Peeta shrugs, not knowing what to say. He opens his mouth but I speak before he has a chance to. "We will get married."
"Katniss," Peeta starts, getting ready to refuse.
"Sunday," I say in a voice so quiet only he and Madge can hear me.
Peeta looks at me with wide eyes. "You're serious?"
I nod. "It's going to have to happen sooner or later. If we do it now, then at least we will be settled in by the time the baby is here. It makes sense."
"But we're under eighteen, we need parent permission," Peeta replies.
"I will have my mother speak to your father," I say.
"Okay," he says. He looks at me, really looks at me, before he speaks again. "But are you really sure you want to do this, Katniss? This is a big thing and everything seems to be happening a little too fast. You can change your mind."
"Peeta," I say, my voice firm. "We will get married this Sunday."

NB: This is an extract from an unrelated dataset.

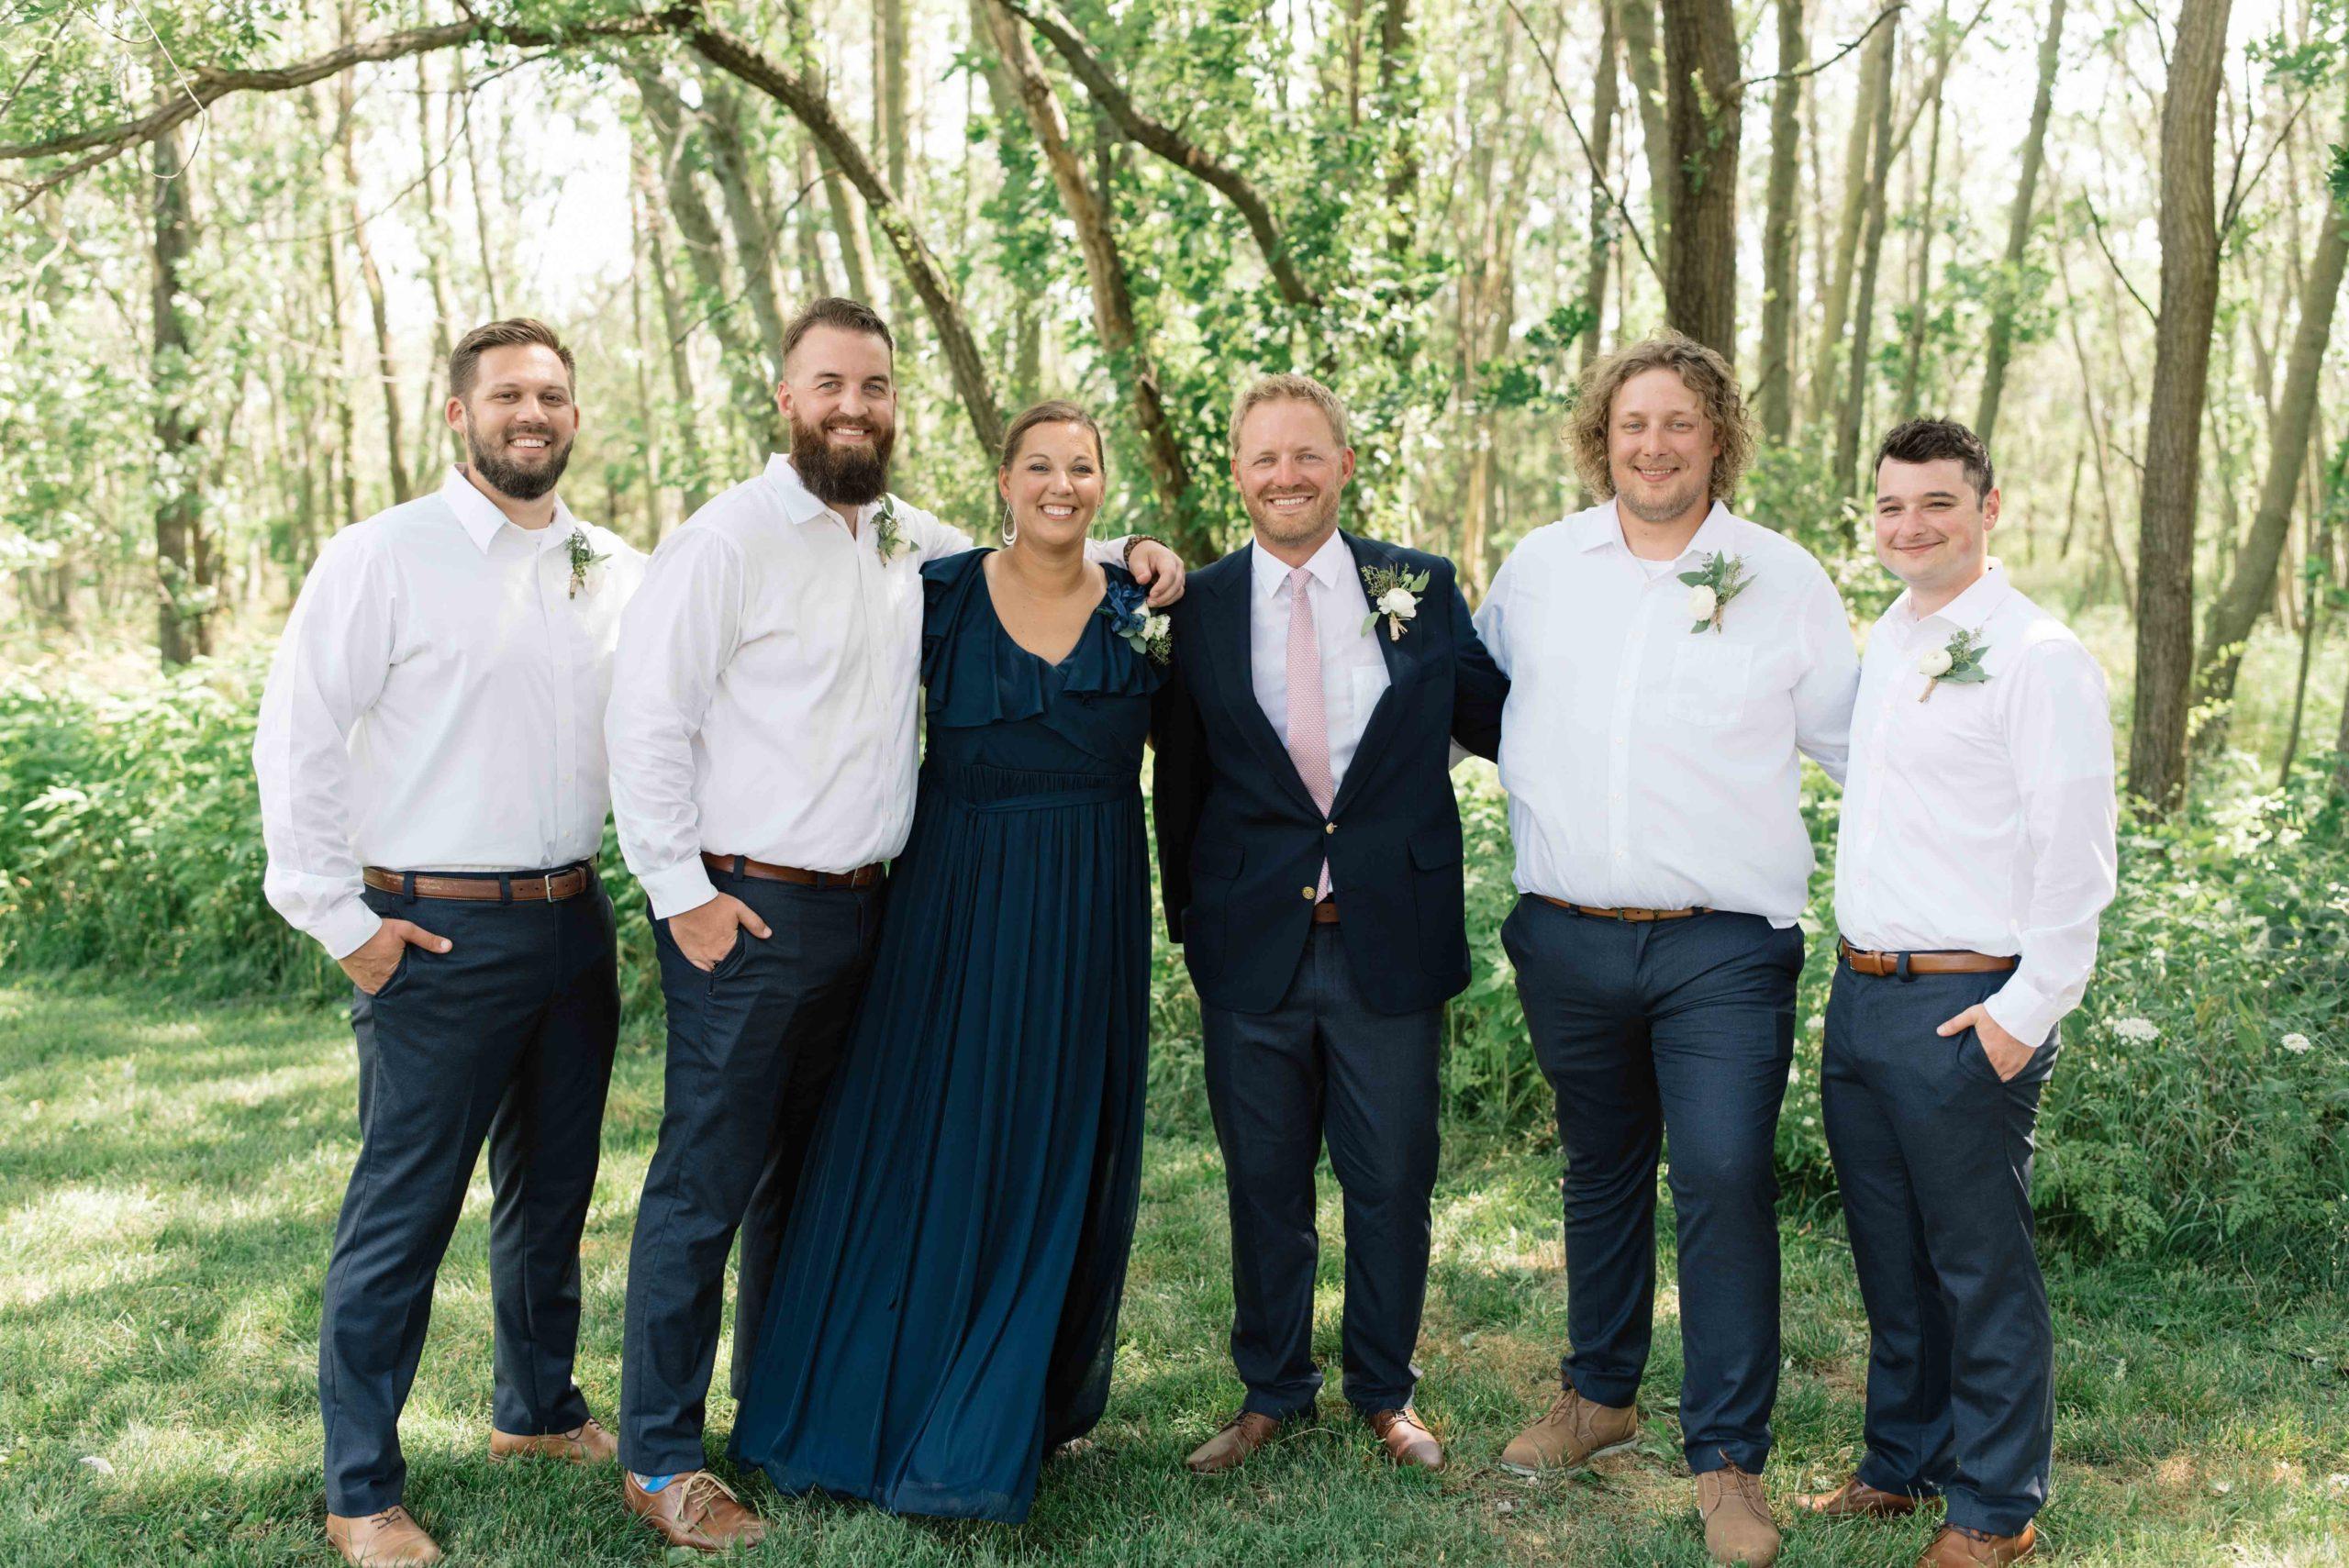 groomsmen laughing with groom schafer century barn Iowa wedding venue

That day, after school, I approach my mother while Prim is doing homework. "Can we talk?" I start, grabbing her attention.

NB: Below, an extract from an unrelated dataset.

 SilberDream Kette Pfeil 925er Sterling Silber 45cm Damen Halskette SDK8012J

Mother stops washing the dishes at the sink, and dries her hands on a cloth, before she comes to sit at the table with me. "Of course. What is it?" she asks.

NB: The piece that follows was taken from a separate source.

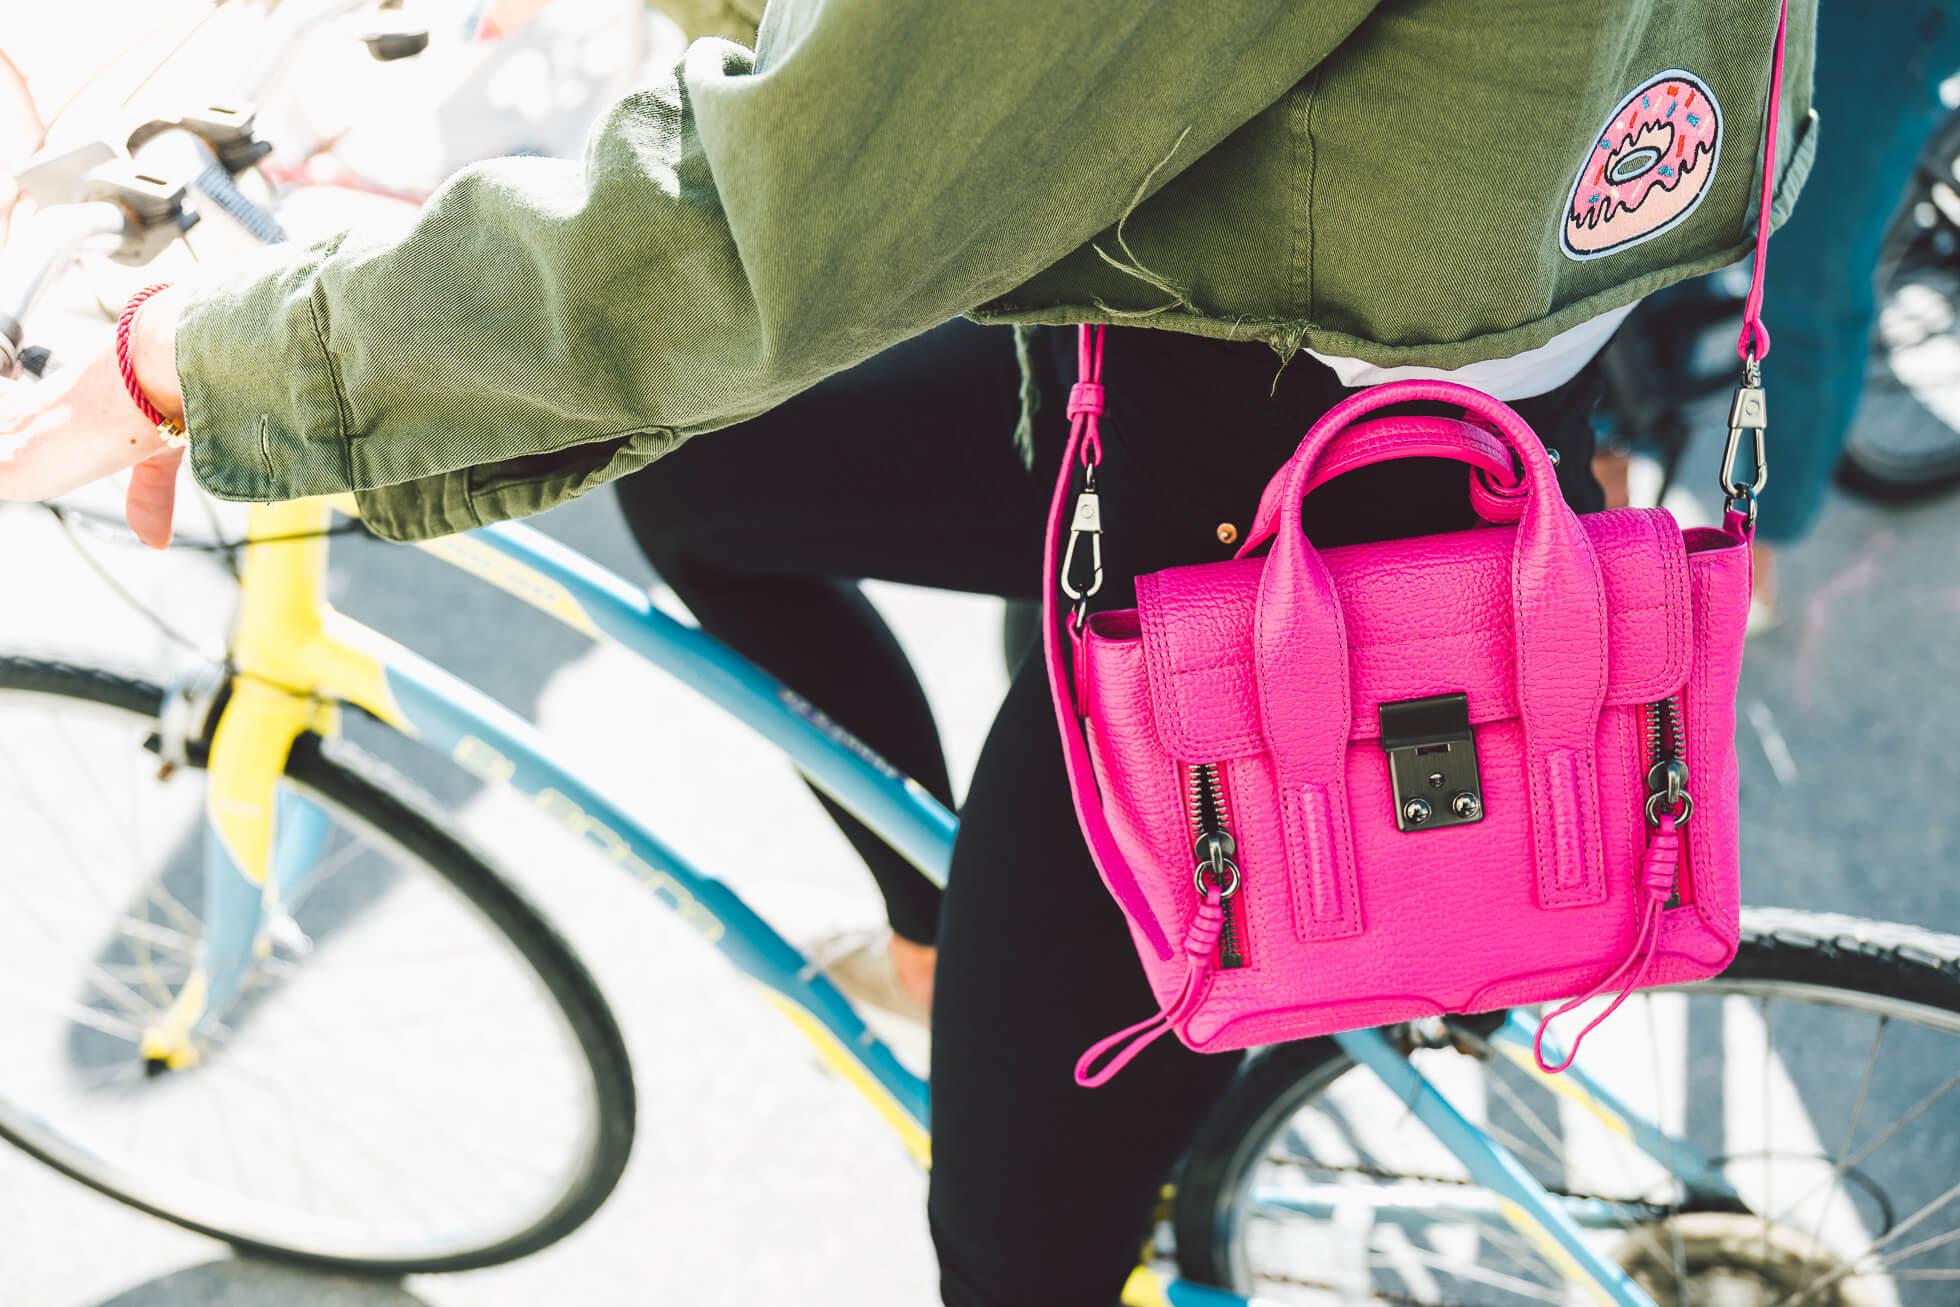 janni-deler-bike-ride-veniceL1010452

"Peeta's mother wants him out by the end of the week. I told him we will go to the Justice Building on Sunday but…" I trail off.
"You don't know where to start?" my mother says, filling in for me.
"Right," I say with a loud sigh.
"I am happy to give my permission and I am almost certain Peeta's father will, although I will speak to him to confirm that. I'll go to the Justice Building tomorrow and arrange for a time on Sunday."
"Thank you. Sunday is going to be a busy day. We will have to move our belongings into our new home and buy furniture."
"There is furniture here you can take. You can have the rocking chair from the living room and the mattress you and Prim currently share. I'm sure she won't mind sharing with me for a while," mother says.
"You don't need to do that. Peeta will certainly have a mattress that we can use," I say, before I realise what that actually means. We will be sharing a bed. That is very much normal for husband and wife, but even the thought of getting married is hard to digest. It's only this second that I am fully processing what is happening. I'm getting married. I'm having a baby. I'm going to move in with a boy I have only recently spoken to for the first time.
"Hazelle and I have been talking and she mentioned that Posy is too big for her cot now. She wants you to have it. She also has clothes that the baby can wear. They are not brand new, but you can't be fussy. Let's be grateful she is willing to give us those things. I don't want you to worry too much about anything, it isn't good for you or the baby."
"Give Hazelle my thanks if you see her before I do. And, thank you. I owe you a lot for doing this, and for not being angry with me."
"I'm your mother, Katniss. You owe me nothing. All I hope, is that you are able to care for this child the way I couldn't care for you and Prim. I will never forgive myself for leaving you at a time when you needed me most. You had to grow up so fast, and you became like a parent to Prim. I already know you are going to be an amazing mother. I just hope you believe in yourself and have faith that you will do a good job. I know it is a big thing to ask for, but I hope one day you will find it in your heart to forgive me."
I don't know what to say to that, so I just look at the woman who gave me life. The woman who has done great things; made medicines for the ill, stitched up the wounded, safely delivered babies and comforted those who could not be saved. I did have to grow up quickly. I did do everything in my power to get food on the table so we wouldn't starve. She did leave us at a time we needed her most.
But she is here now.
And, to me, that is all that matters.
I want to say this to her, but find that I can't. Instead, I rest my hand upon hers, and give it a gentle squeeze, hoping my teary smile is enough to make her realise that she is very much so forgiven.